Vote for The Common Space’s Lost Duver project at your local Tesco’s

Claire shares details of this latest campaign from The Common Space. Ed


Bags of Help for the Bay! Vote at Tesco for The Common Space’s Lost Duver project!

Great news for Bay greenspaces! The Common Space’s Lost Duver project, a community planting initiative to help revitalise coastal landscape and public greenspace in the Bay area has been awarded £8,000 by the Tesco’s Bags of Help programme.
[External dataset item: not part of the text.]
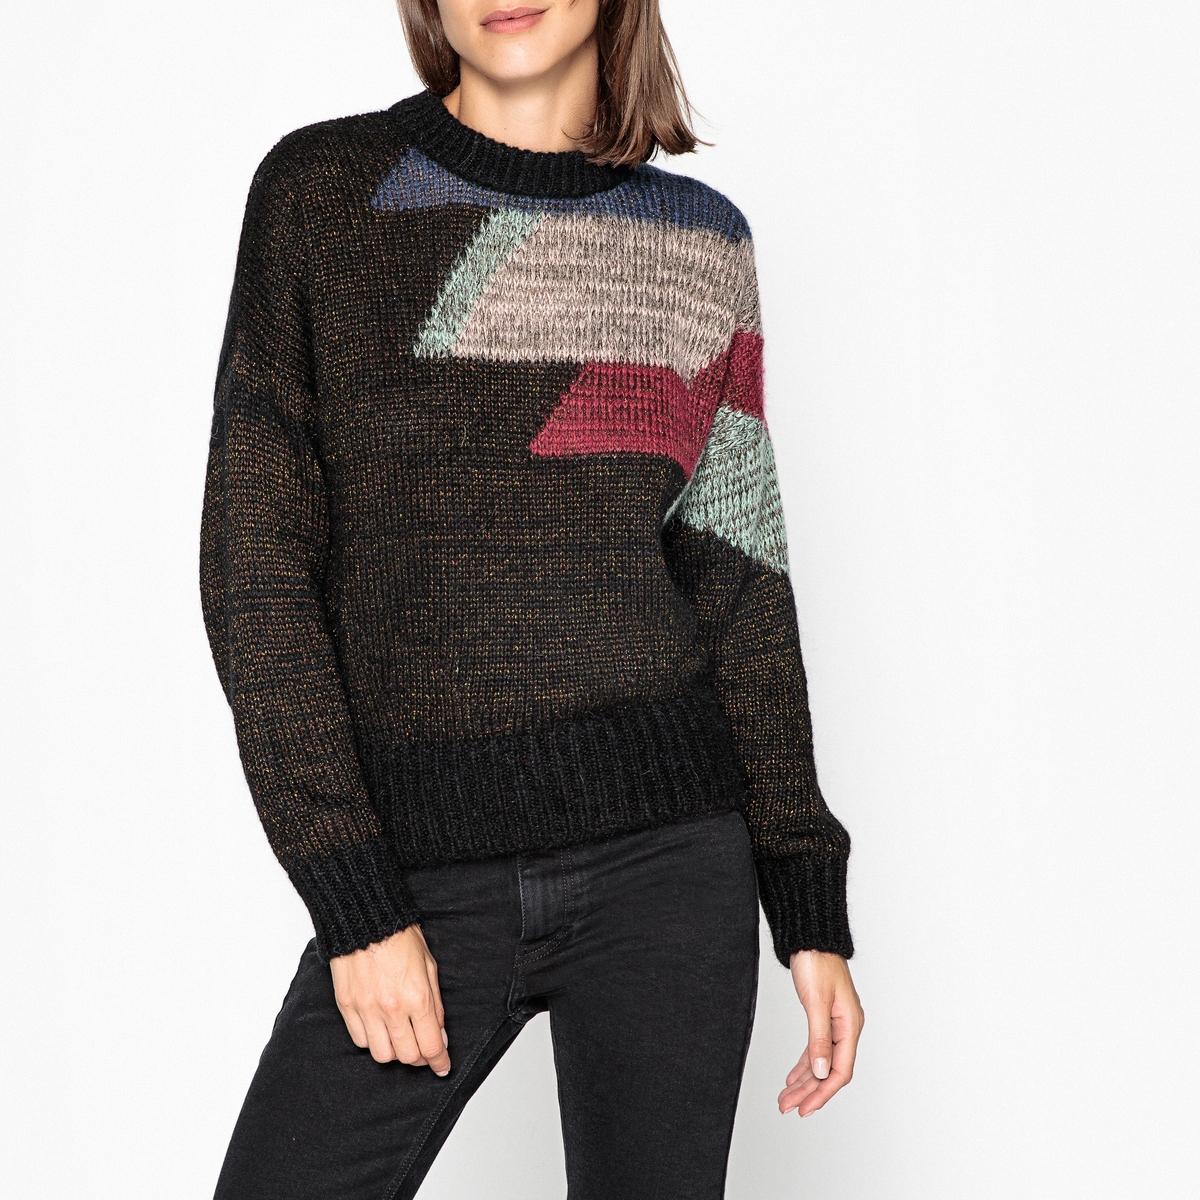 Пуловер с круглым вырезом из тонкого трикотажа AURORE baffin crystal aurore boreale page 2

The Lost Duver project...The Common Space and Arc are hoping to create a 5 mile coastal garden in the Bay

Turn £8,000 into £12,000
It’s one of three shortlisted projects and so now all that’s needed is everyone’s help to turn that £8,000 in to the top prize of £12,000 by casting their vote in their local Tesco stores.

Voting started on Monday (31st October), running through to 13th November and every vote counts!
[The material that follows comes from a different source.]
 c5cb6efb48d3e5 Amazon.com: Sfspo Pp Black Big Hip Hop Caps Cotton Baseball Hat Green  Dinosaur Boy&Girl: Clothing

Ian Boyd at Arc, and founder of The Common Space explains,

“The Common Space is a new not-for-profit organisation, working towards the revitalisation of public places, in particular in the Bay, and we’re delighted to have been picked by Tesco Bags of Help for our Lost Duver project.

“The Lost Duver project is literally locally grown! All around the Bay area, you can spot small hints and echoes of coastal flora such sea spurry and sea mouse-ear, reminders that this whole stretch was once a coastal landscape… a lost duver in fact!

“We’ve been trying to make space for this coastal palette wherever opportunities arise, along with the Bay CCT, Green Towns, Dinosaur Isle, the Isle of Wight Council, EWLP, local Town Councils and Sandown business association, Green Army volunteers, the Coastal Gardener and local groups! We believe that public places, community spaces and green infrastructure can deliver fantastic opportunities for wildlife encounter and exploration and that all of this has the power to regenerate.

“That’s why the Lost Duver project has ecology at its heart and involves creating a new style of landscaping, using a mix of native coastal plants as well as their garden equivalents, to create a real resource for biodiversity, so it’s a draw for wildlife as well as for visitors and residents. The hope is to bring all this together, in public places, street planting, parks and coastal walks, to create a 5-mile coastal garden.

“Through the Shaping the Bay community consultations, we’ve identified three fantastic spots spaced along those 5 miles; the gardens around the Lift in Shanklin, Battery Gardens in Lake and dune verges at Yaverland… the Tesco Bags of Help funding will be a brilliant boost towards our goal. It’s a long term project with all sorts of great stuff involved – plant rescue, propagation and seed collection, tweaks to maintenance and plant research. By Spring 2018, we should really start to see the results!”

Make sure to pop into your local Tesco store, in Lake or in Ryde to vote!